● Task details: Although the data holds pictures, return only the lines from the one containing "La Jolla, Californie." to the end, exactly, and without them.

● Data segment:

*** Block opens ***

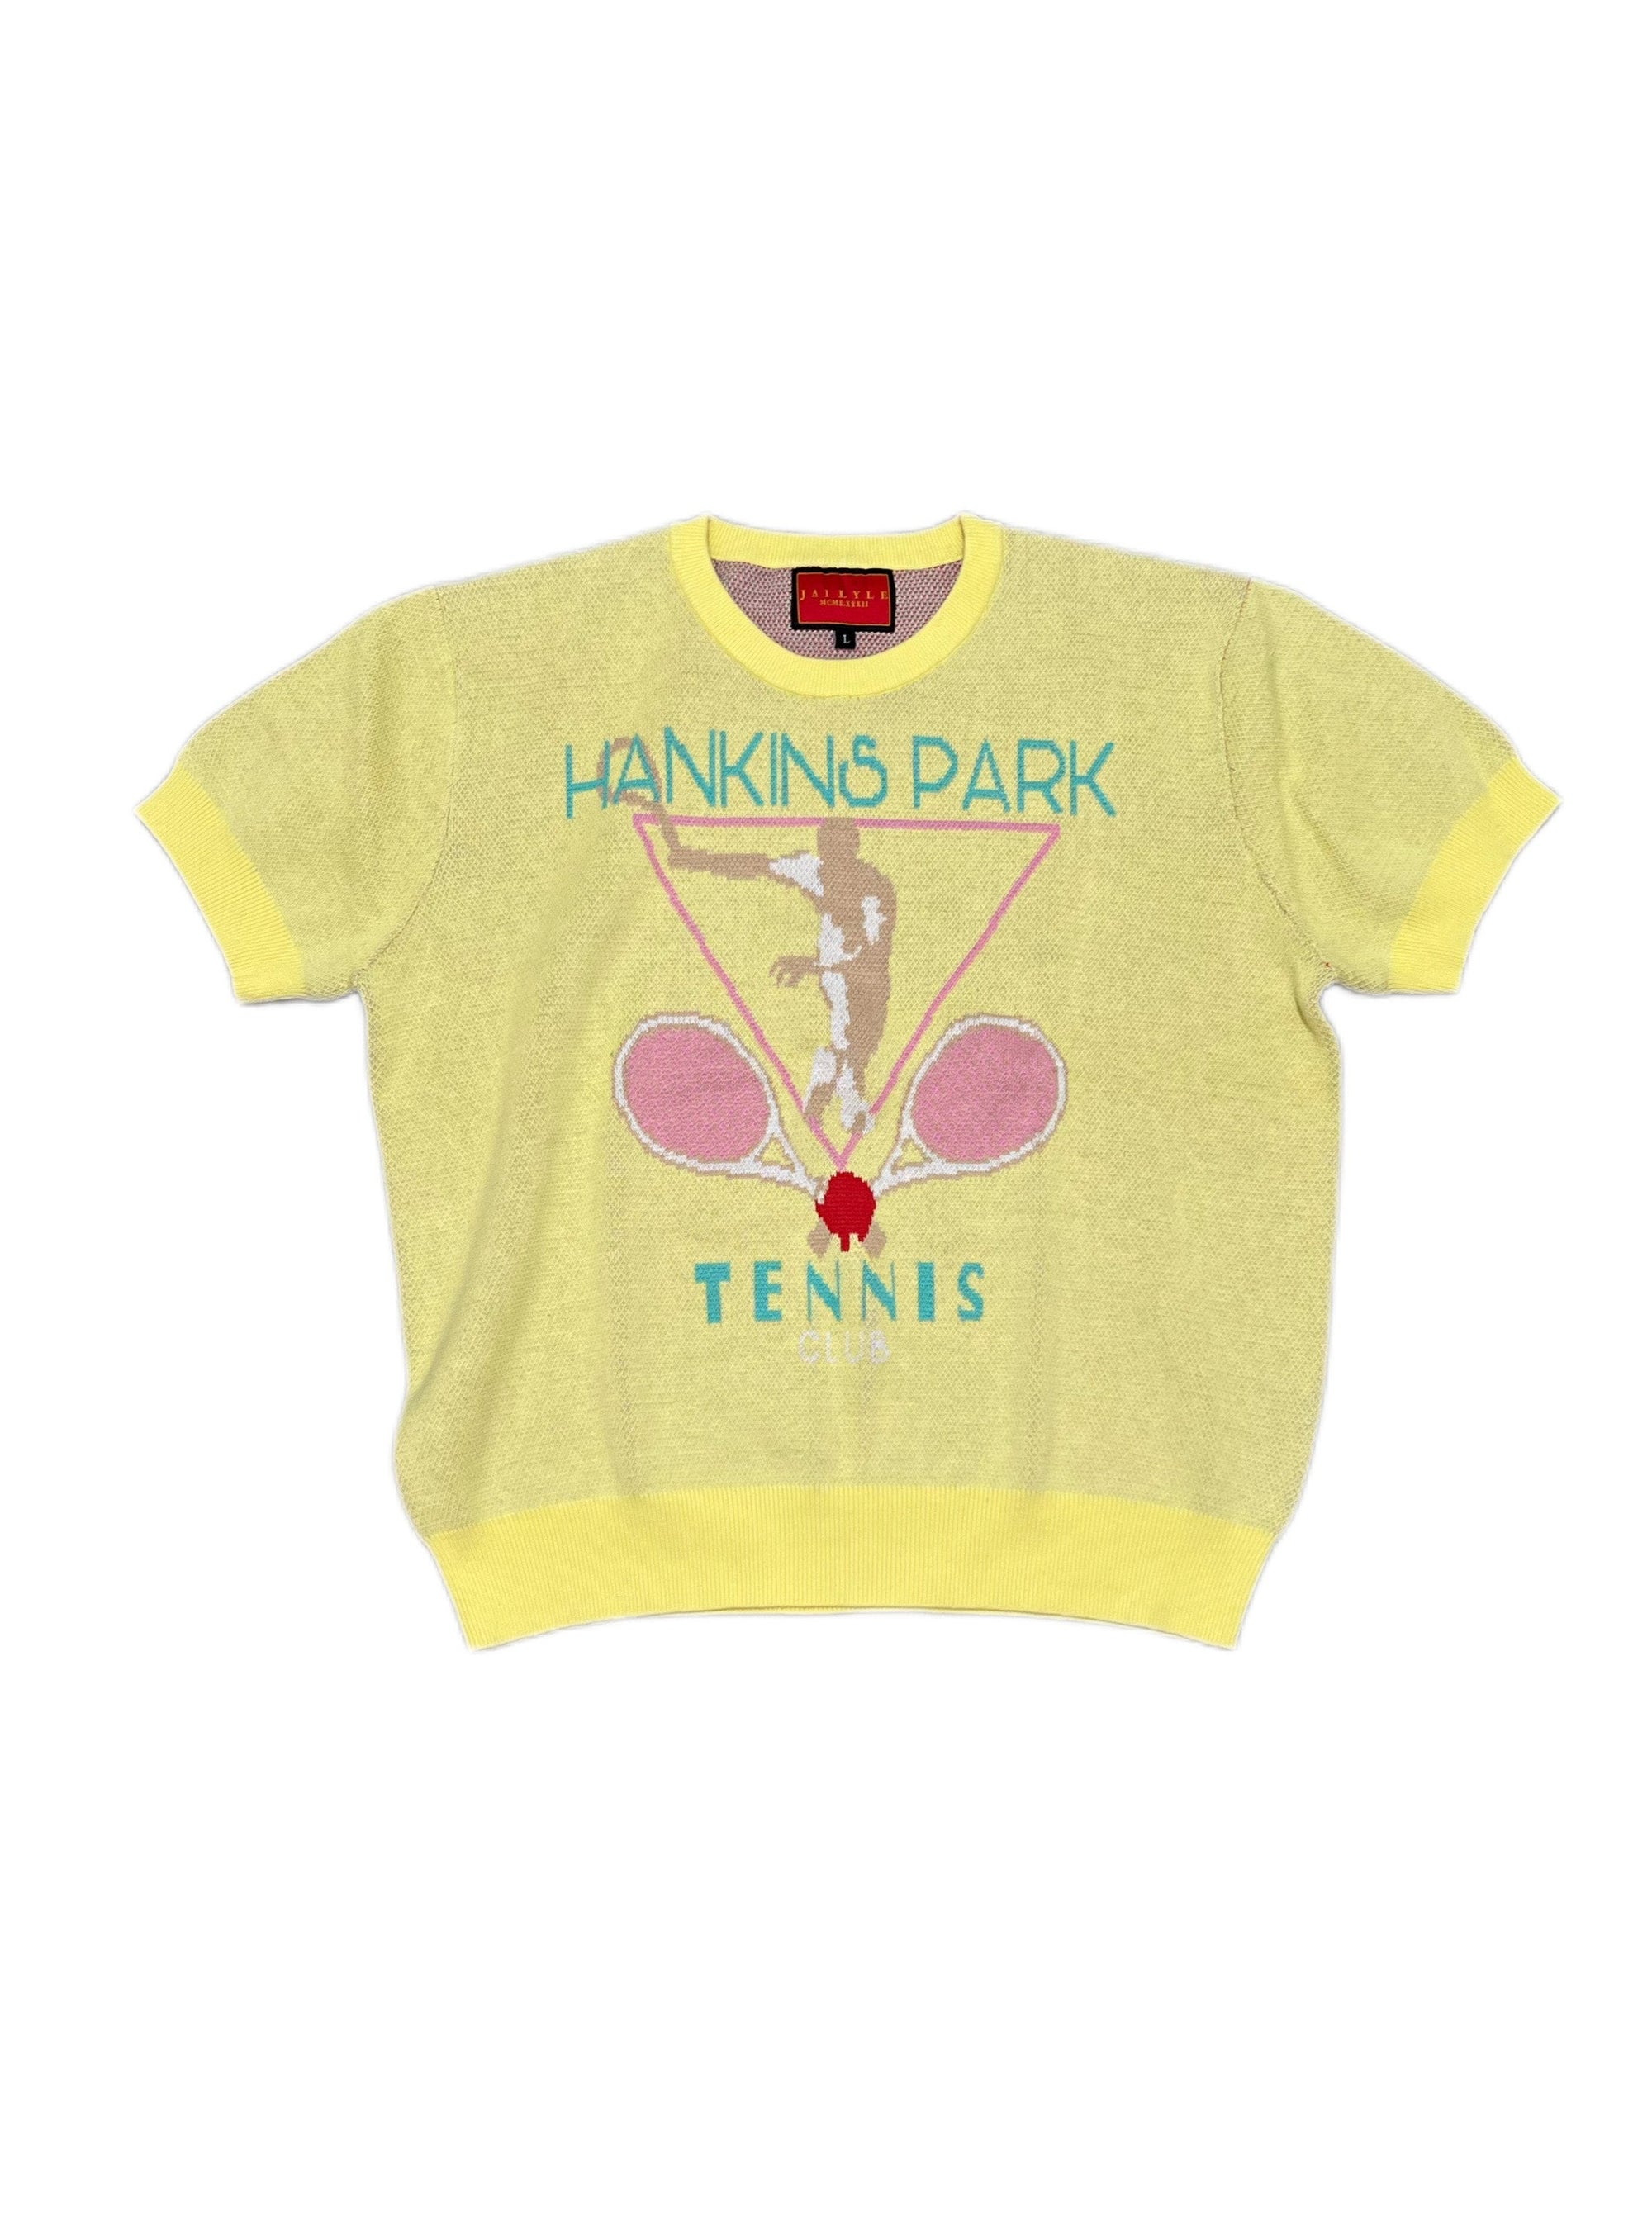 HANKINS PARK TENNIS SWEATER SHIRT
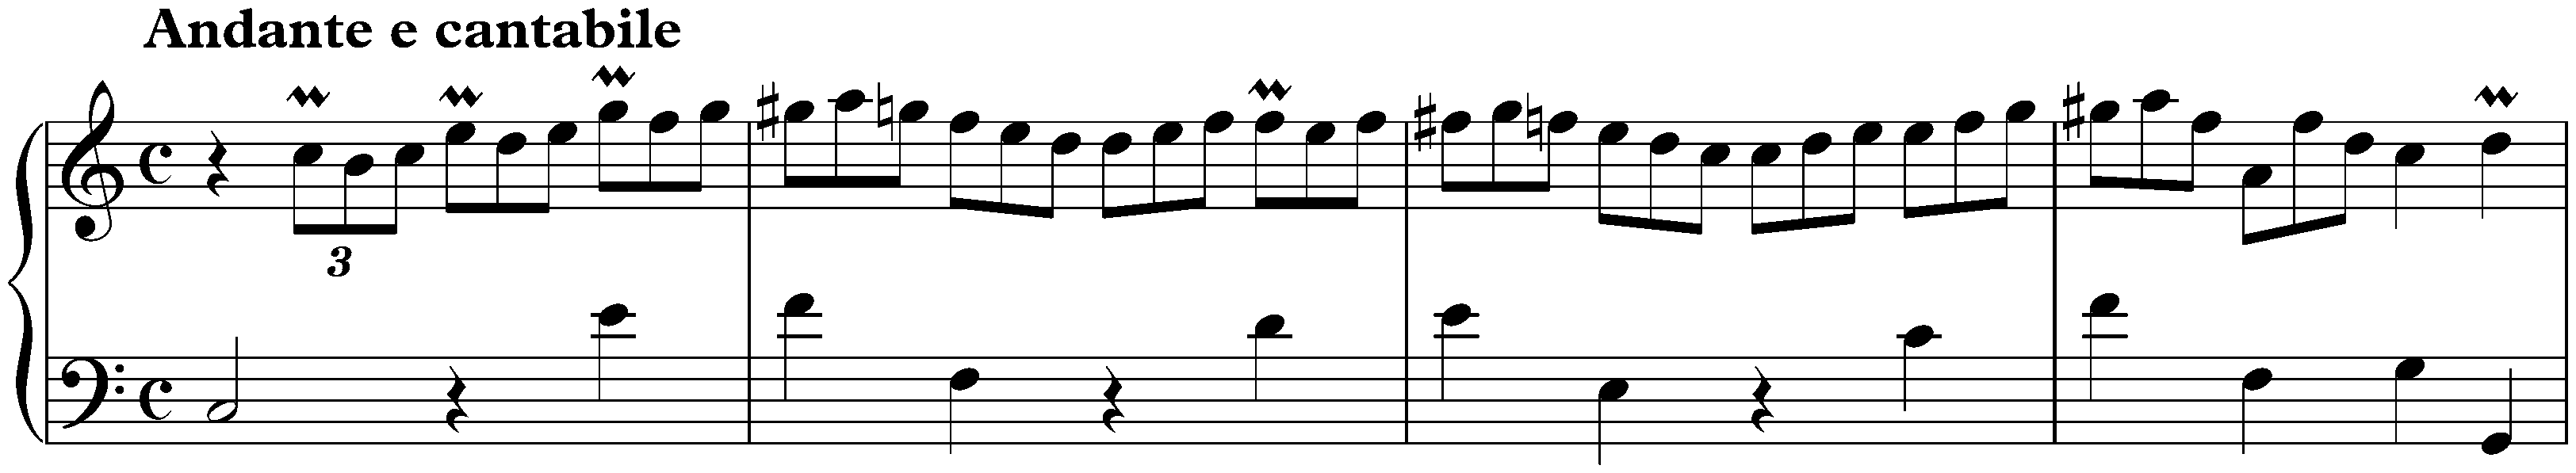 Sonata in C major, K. 485
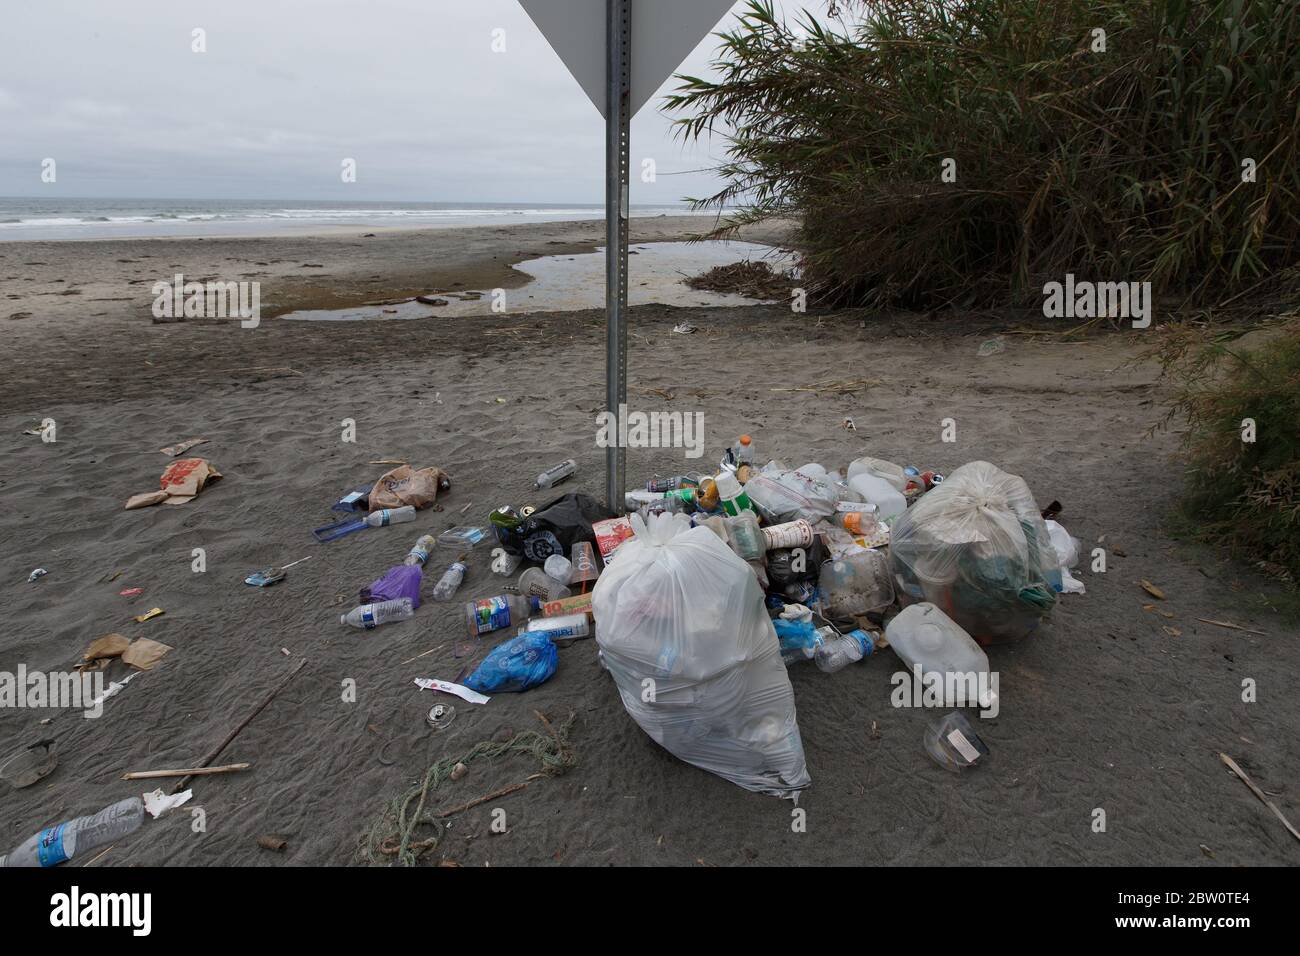 La Jolla, Californie. 28 mai 2020. Les déchets s'accumulent sur le sable à Blacks Beach. Banque D'Images
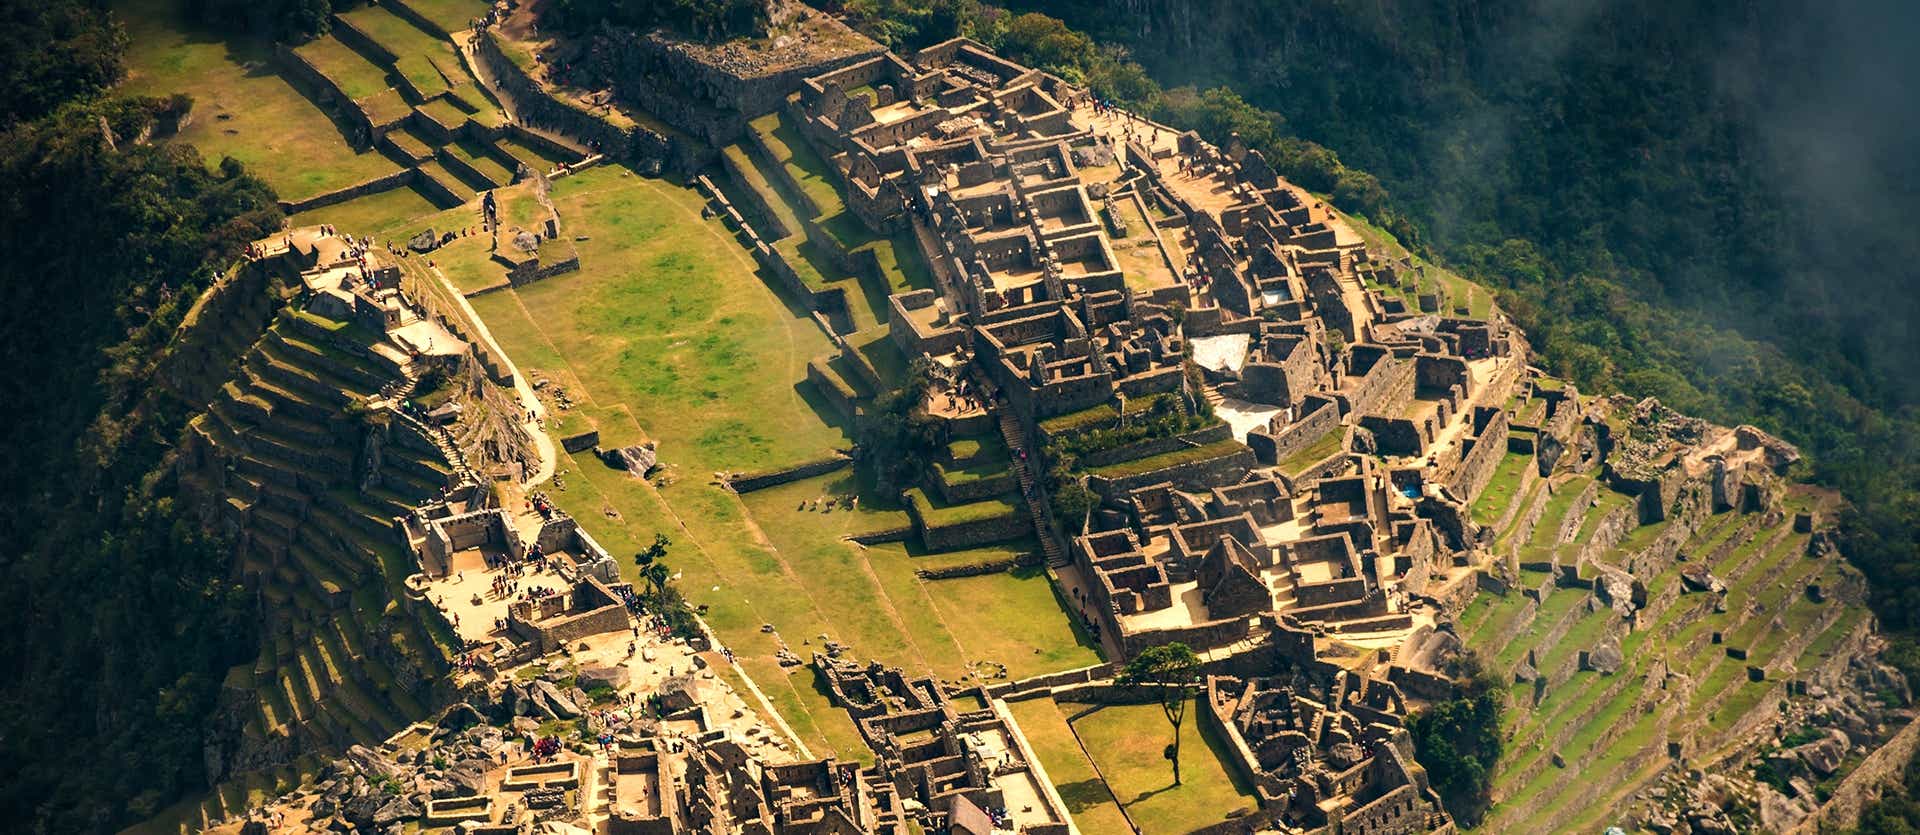 <span class="iconos separador"></span> Vista aérea del Machu Picchu <span class="iconos separador"></span>

*** Block closes ***

● Written response:
 La Jolla, Californie. 28 mai 2020. Les déchets s'accumulent sur le sable à Blacks Beach. Banque D'Images
 <span class="iconos separador"></span> Vista aérea del Machu Picchu <span class="iconos separador"></span>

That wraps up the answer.